Question

1. Use a graph to estimate the absolute maximum and minimum values of the function to two decimal places.
2. Use calculus to find the exact maximum and minimum values.

72. \(f\left( x \right) = x - {\bf{2cos}}\,x\), \( - {\bf{2}} \le x \le {\bf{0}}\)

Short answer

1. The point \(f\left( { - 2} \right) = - 1.17\) is the abosolute maximum. The point \(f\left( { - 0.52} \right) = - 2.26\) is the absolute minimum.

2. The maximum value of \(f\left( x \right)\) is \( - 2 - 2\cos 2\) at \(x = - 2\) and the minimum value is \( - \frac{\pi }{6} - \sqrt 3 \) at \(x = - \frac{\pi }{6}\).

Step-by-step solution

(a) Step 1: Sketch the graph of \(f\left( x \right)\)

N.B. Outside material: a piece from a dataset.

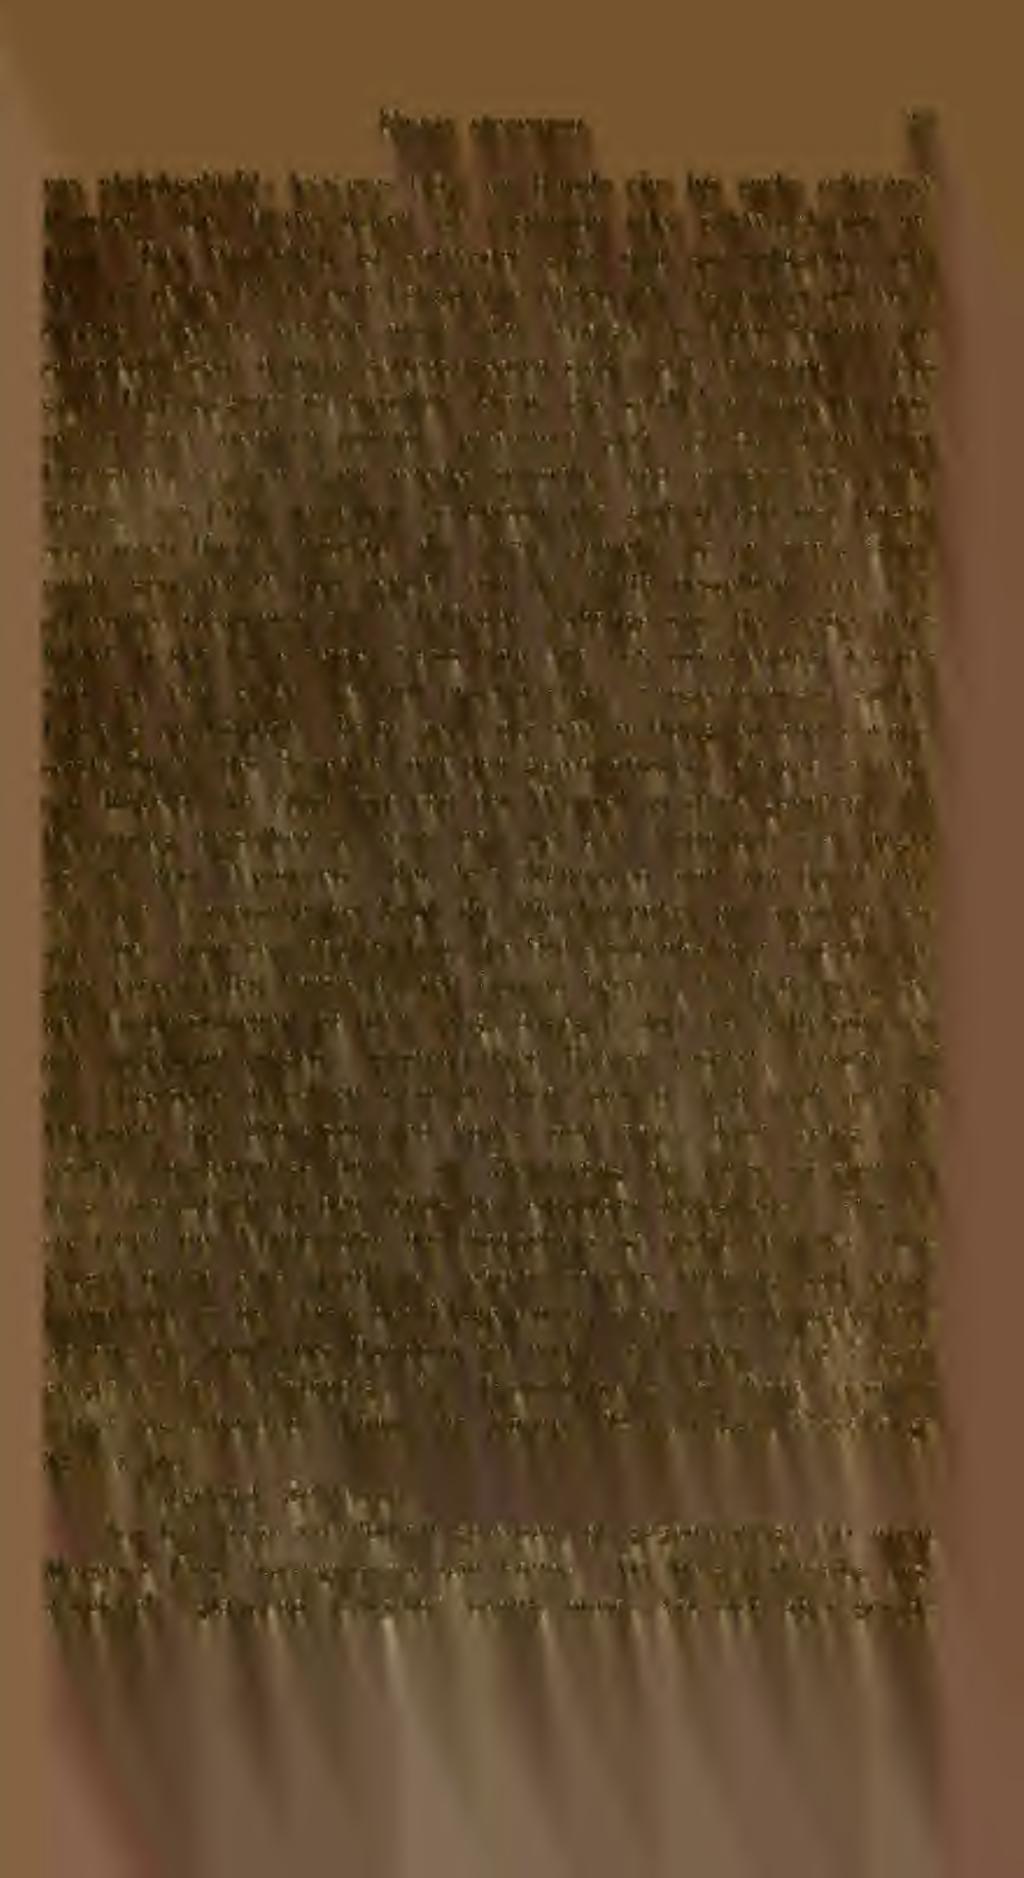 Empis slercorea. 23 rax gleicbgefärbt ; letzleres trägt am Rande vier bis secbs schwarze Borsten. Der Hinterrücken ist rostbraun oder schwarzbraun gefärbt.

In the desmos graphing calculator (for closed interval) enter the expression \(x - 2\cos x\) in the tab and enter the interval \( - 2 \le x \le 0\), to plot the curve of \(f\left( x \right) = x - 2\cos x\).

The figure below represents the graph of \(f\left( x \right)\).

Find the point of maximum and minimum of \(f\left( x \right)\)

Following observations can be made from the graph of \(f\left( x \right)\).

1. The point \(f\left( { - 2} \right) = - 1.17\) is the abosolute maximum.
2. The point \(f\left( { - 0.52} \right) = - 2.26\) is the absolute minimum.

(b) Step 3: Differentiate the function \(f\left( x \right)\)

Find the derivative of \(f\left( x \right)\).

\(\begin{aligned}{c}f'\left( x \right) &= \frac{{\rm{d}}}{{{\rm{d}}x}}\left( {x - 2\cos x} \right)\\ &= 1 + 2\sin x\end{aligned}\)

Find the root of the equation \(f'\left( x \right) = 0\).

\(\begin{aligned}{c}1 + 2\sin x &= 0\\\sin x &= - \frac{1}{2}\\x &= - \frac{\pi }{6}\end{aligned}\)

Find the values of function at critical points of \(f\left( x \right)\)

The value of \(f\left( x \right)\) at \(x = - 2\);

\(\begin{aligned}{c}f\left( { - 2} \right) &= - 2 - 2\cos \left( { - 2} \right)\\ &= - 2 - 2\cos 2\end{aligned}\)

At \(x = - \frac{\pi }{6}\),

\(\begin{aligned}{c}f\left( { - \frac{\pi }{6}} \right) &= - \frac{\pi }{6} - 2\cos \left( { - \frac{\pi }{6}} \right)\\ &= - \frac{\pi }{6} - 2\left( {\frac{{\sqrt 3 }}{2}} \right)\\ &= - \frac{\pi }{6} - \sqrt 3 \end{aligned}\)

Thus, the maximum value of \(f\left( x \right)\) is \( - 2 - 2\cos 2\) at \(x = - 2\) and the minimum value is \( - \frac{\pi }{6} - \sqrt 3 \) at \(x = - \frac{\pi }{6}\).